RESEARCHERS from Massachusetts General Hospital, Boston, USA, have developed a novel way of predicting which patients with melanoma are more likely to experience a recurrence with artificial intelligence. This method will enable clinicians to know which patients are more likely to benefit from aggressive treatment.
Melanoma is the deadliest form of skin cancer, and death from this cancer typically occurs in patients who were diagnosed with early-stage melanoma initially, and who later had a recurrence that went undetected until it had metastasised or spread. While cancerous cells are removed during surgery for most patients with melanoma, those with more advanced cancer can also receive immune checkpoint inhibitors that strengthen the immune response against the tumour cells. However, this treatment does have significant side effects such as immunologic adverse events that are potentially fatal, and a high rate of morbidity.

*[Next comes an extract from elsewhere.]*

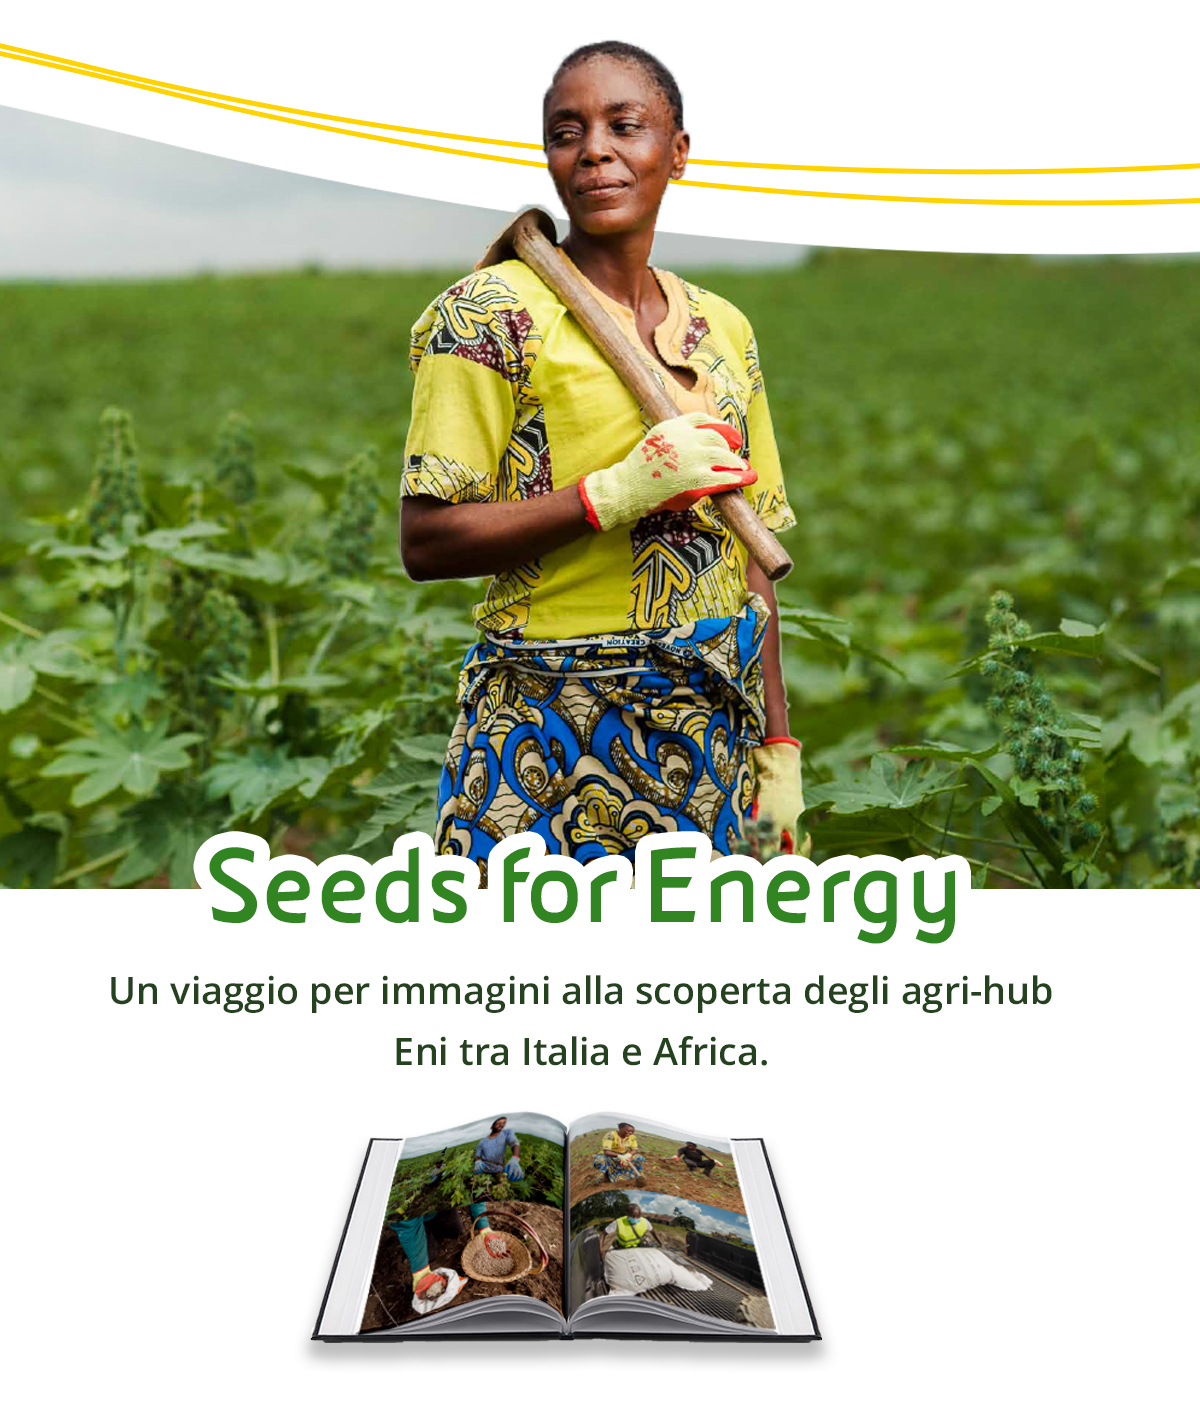 visore-agri-seeds-mobile.jpg

Senior author Yevgeniy R. Semenov, Department of Dermatology, Massachusetts General Hospital, believes that predictive tools are needed to be developed to help select high-risk patients with melanoma who would benefit from immune checkpoint inhibitors despite the risks. Semenov stated: “Reliable prediction of melanoma recurrence can enable more precise treatment selection for immunotherapy, reduce progression to metastatic disease, and improve melanoma survival while minimising exposure to treatment toxicities.”
Using data from the electronic health records of patients, the researchers tested the effectiveness of algorithms based on machine learning to predict melanoma recurrence. The algorithms were developed and validated with the patient sets from the Mass General Brigham healthcare system, Boston, Massachusetts, USA, where data was collected from 1,720 patients with early-stage melanoma, and the Dana-Farber Cancer Institute, Boston, Massachusetts, USA, where data from 548 patients was collected.
After analysing these data, the researchers found 36 clinical and pathological features to help predict patients’ risk of recurrence. However, the thickness of the tumour and rate of cancer cell division were found to be the most predictive features.
Semenov stated: “Our comprehensive risk prediction platform using novel machine learning approaches to determine the risk of early-stage melanoma recurrence reached high levels of classification and time to event prediction accuracy. Our results suggest that machine learning algorithms can extract predictive signals from clinicopathologic features for early-stage melanoma recurrence prediction, which will enable the identification of patients who may benefit from adjuvant immunotherapy.”